Журналист растерянно крякнул, поскольку его риторический вопрос был несколько другого плана.
Повествователь вздохнул и покивал головой:
— Да-да, я согласен с вами, господа внимающие. Вопиющая безалаберность со стороны службы ремонтных работ ни в коем случае не останется безнаказанной. Но поскольку у нас впереди еще несколько повествований, то я бы на вашем месте не беспокоился так сильно. К тому времени, когда мы закончим, камня у дверей, уверен, уже не будет.
— А когда мы закончим? — повторил свой вопрос Данкэн, на сей раз — в несколько упрощенной форме.
Мугид ответил ему прежним бесстрастным взглядом, позволив лишь чуть-чуть вспыхнуть искорке иронии (но я ее заметил, и, кажется, Данкэн — тоже):
— Видите ли, господин журналист, мне очень сложно назвать вам точную дату. Существуют обстоятельства, которые мы не можем учитывать, например всякого рода непредвиденные случаи расстройства здоровья, как это уже было с госпожой Карной (простите, сударыня, что напоминаю об этом лишний раз). Другими словами…

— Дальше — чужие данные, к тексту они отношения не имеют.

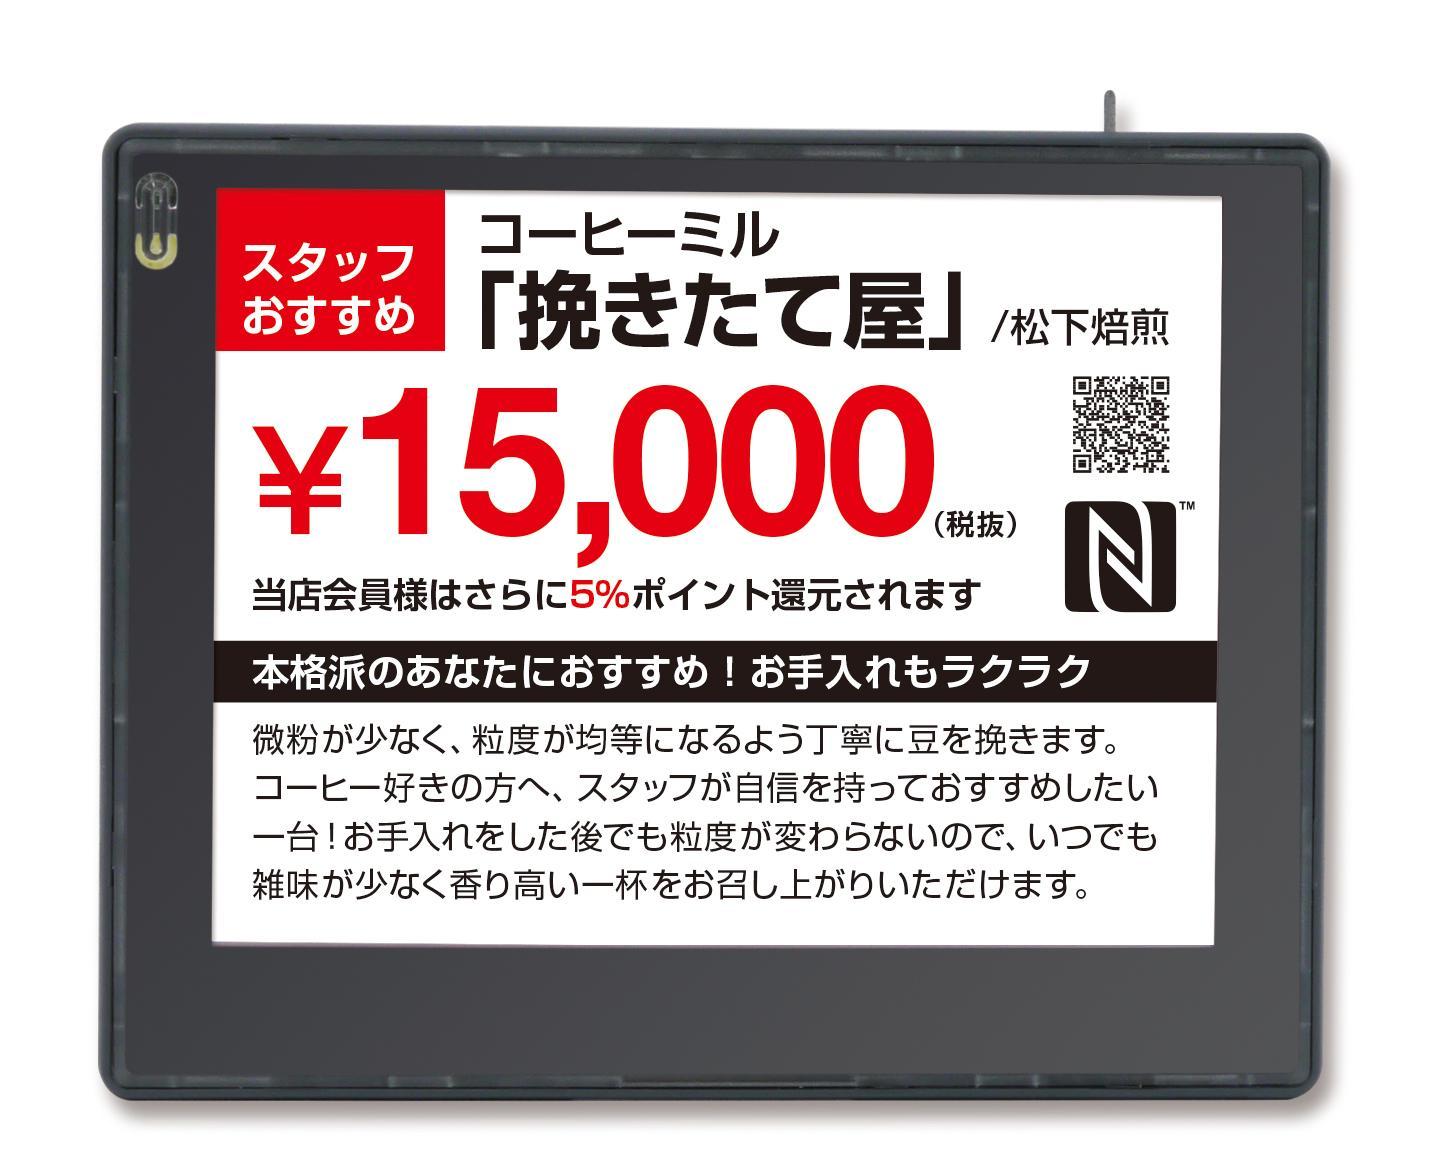 電子棚札ソリューションの新モデル G2シリーズ(2018年夏 発売予定)
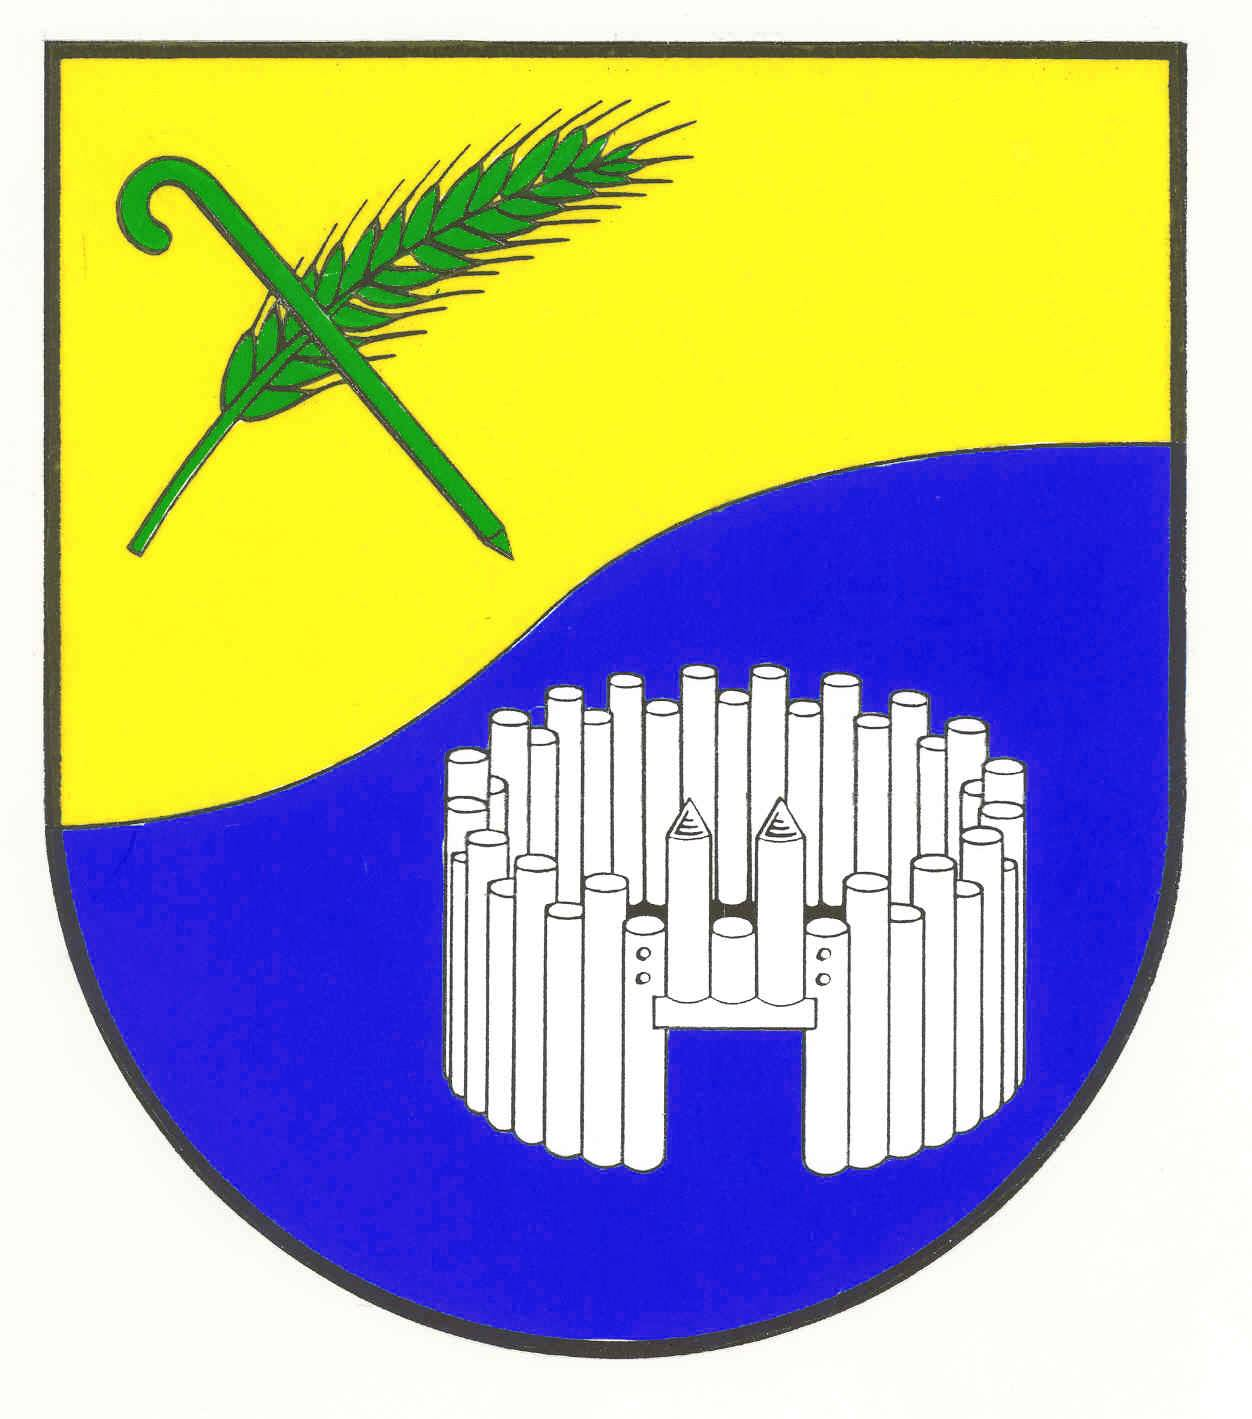 Wappen GemeindeKuden, Kreis Dithmarschen

— Я понял, господин повествователь. Можете не продолжать. Благодарю вас за исчерпывающий ответ. Мугид развел руками и поклонился:
— Сожалею.
— Не стоит, — отмахнулся Данкэн. — Не стоит.
Мы начали вставать и потихоньку расходиться кто куда. Как выяснилось, был ранний вечер, и оставалось время… на что? Я вот, например, собирался как следует перекусить и заняться «Феноменом». А то еще таинственные слуги «Башни» обнаружат пропажу фолианта и кинутся отбирать. Я представил себе картину «отбора» и хмыкнул: получилось впечатляюще. Трое — пятеро людей в древних костюмах вцепились в книгу с одной стороны, я — с другой, а на заднем плане, прячась за спинами слуг, мечется Мугид и, размахивая руками, вопит: «Осторожнее, не повредите» — имеется в виду, конечно, книга, а не я.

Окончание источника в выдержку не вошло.